To train the imitate model, we follow the CamStyle [73] approach to generate new images that preserve the person ID and reflect the style of other camera views across domains. Image generation models are widely employed in person Re-ID area. For example, CycleGAN [75] is utilized to do image-image domain adaptation [10], and StarGAN [8] is employed to construct camera style transfer model [72, 74]. AttGAN [19] and RelGAN [56] are utilized in image-to-image translation. As shown in Fig. 2, we build the imitate model based on StarGAN. This is because StarGAN only requires one time training for image-image translation on two-dataset with multiple cameras, while CycleGAN, AttGAN and RelGAN require multiple translation models for each pair of camera views between the source and target dataset. Compared with previous works that utilize StarGAN to learn camera variance for the target domain, our method employs StarGAN to learn both domain gaps between source and target domain and the camera variance for the target domain, which is more advanced. Examples of real images and fake images generated by the imitate model (i.e. StarGAN) are displayed in Fig. 3, which shows the preservation of the identity of source images by the imitate model.

3.3 Semi-supervised learning for person Re-ID

Denote the imitated target dataset as ${{\mathcal {S}}}{{\mathcal {T}}}=\{X^{st}, Y^{st}, C^{st}\}$, which is constructed by image-image translation for every camera pair from the source domain to the target domain through the imitate model. The dataset consists of $N^{st}$ images represented by $x^{st}$ with corresponding identity label $y^{st}\in \{1,2,\ldots ,P^{st}\}$ (i.e. a total of $P^{st}$ different persons) and camera ID $c^{st}\in \{1,2,\ldots ,M^{st}\}$ cameras (i.e. a total of $M^{st}$ cameras), and it preserves person identities with the source dataset. Specifically, for a real image $x^s_{i, j}$ (i.e. the i-th image under the j-th camera) in the source dataset, we generate $M^t$ imitated images $x^{st}_{i,1}, x^{st}_{i,2}, \ldots , x^{st}_{i,M^t}$ via the learned imitate model. These images preserve the person identity $y^s_i$ but their styles are similar to their corresponding target cameras $c^t_1, c^t_2, \ldots , c^t_{M^t}$, respectively. Therefore, we have $N^{st}=N^s \cdot M^t, Y^{st}=Y^{s}, P^{st}=P^{s}, C^{st}=C^{t}, M^{st}=M^{t}$. Note that, imitated target dataset makes up for the absence of identity labels on target domain, which greatly benefits the person Re-ID performance.

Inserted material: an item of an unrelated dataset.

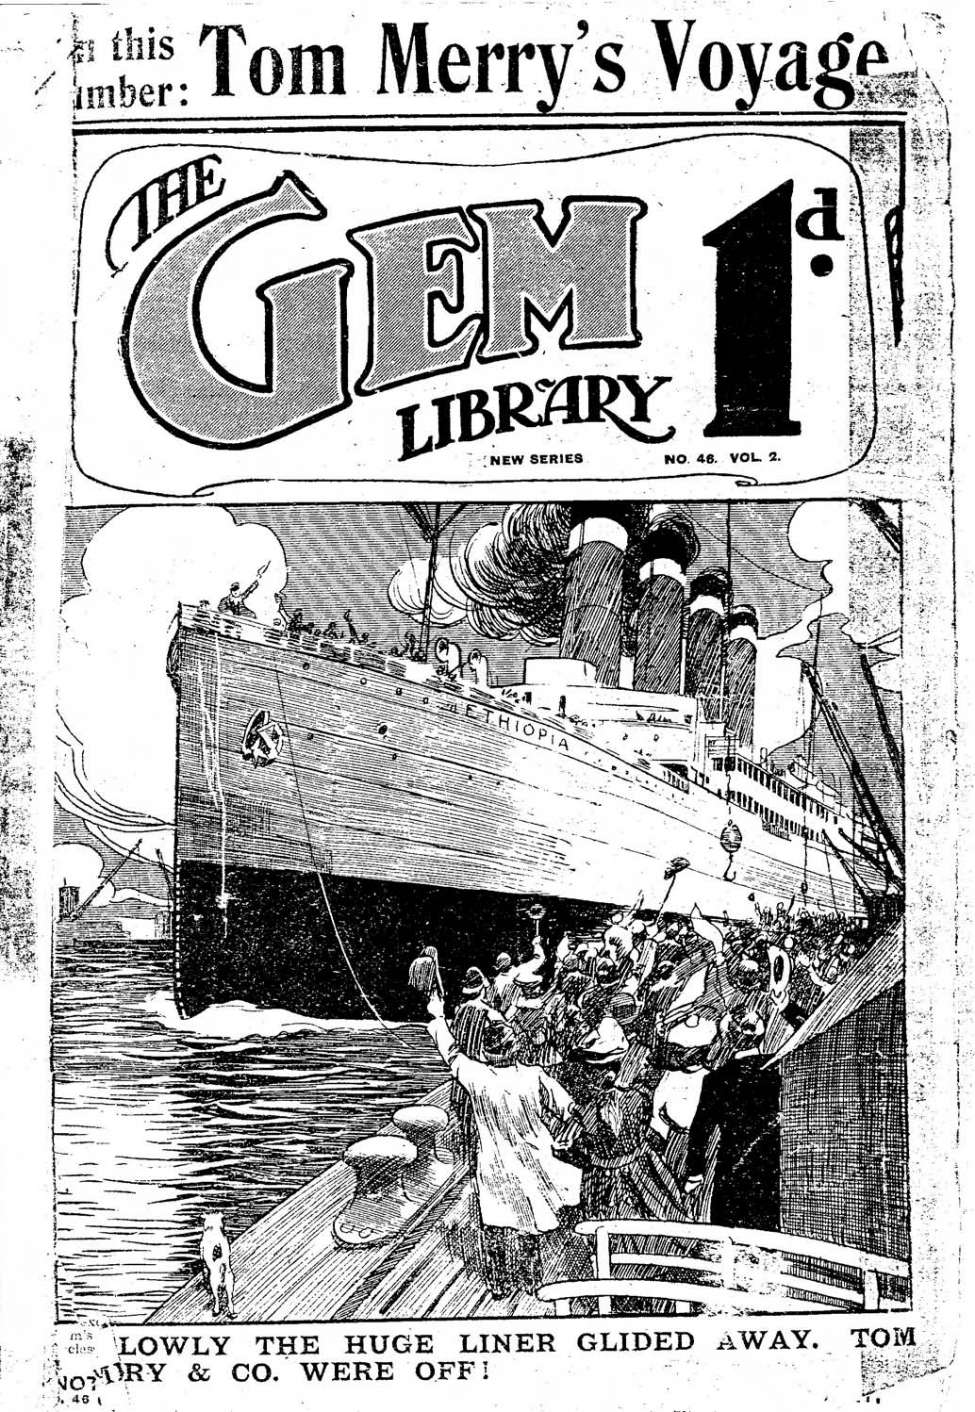 Comic Book Cover For The Gem v2 46 - Tom Merry’s Voyage
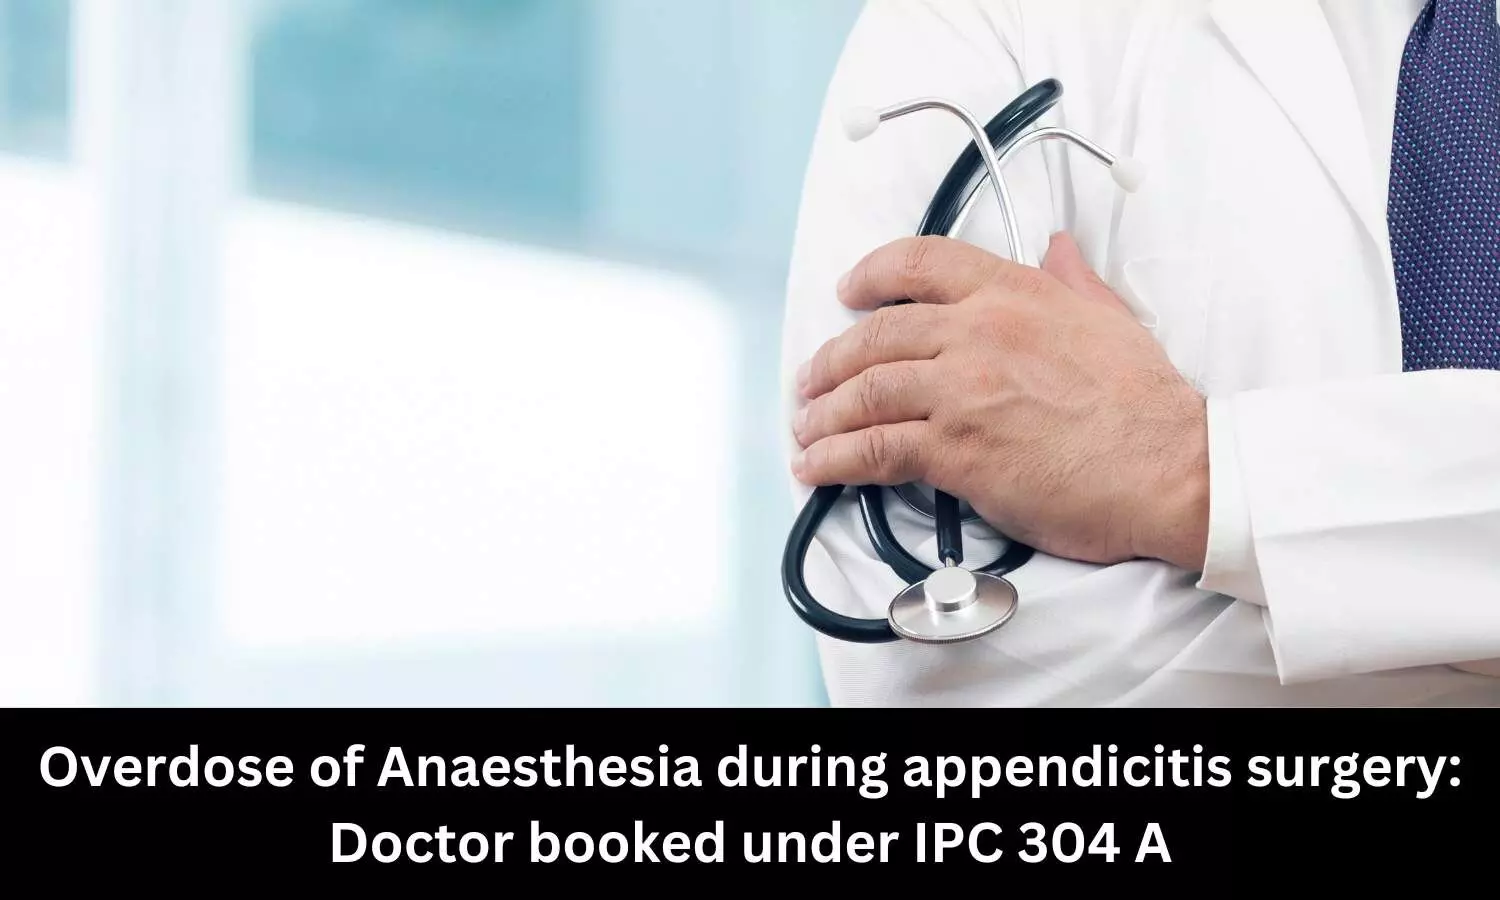 UP hospital sealed, doctor booked for patients death due to anaesthesia overdose

Generally, an approach based on supervised learning can perform better than the corresponding unsupervised learning method for the same person Re-ID problem as the former encodes more information than the latter. Therefore, in order to boost the cross-domain person Re-ID performance, we propose to view the unsupervised person Re-ID as a semi-supervised person Re-ID task by imitating the target domain. As shown in Fig. 4, given labeled source training samples ${\mathcal {S}}$ and unlabeled target training samples ${\mathcal {T}}$, we semi-supervise the Re-ID model on the imitated target domain ${{\mathcal {S}}}{{\mathcal {T}}}$ that is transferred from ${\mathcal {S}}$ to ${\mathcal {T}}$, and a cross-entropy loss on domain ${{\mathcal {S}}}{{\mathcal {T}}}$ is formulated as described in Eq. (2).

$$\begin{aligned} {\mathcal {L}}_{Class}^{{{\mathcal {S}}}{{\mathcal {T}}}}= -\sum _{i=1}^{N^{st}}y_i^{st} \cdot \log {\hat{y}}_i^{st}, \end{aligned}$$

(2)

where ${\hat{y}}^{st}$ is a predicted label for the image $x^{st}\in X^{st}$ with the ground truth $y^{st}$.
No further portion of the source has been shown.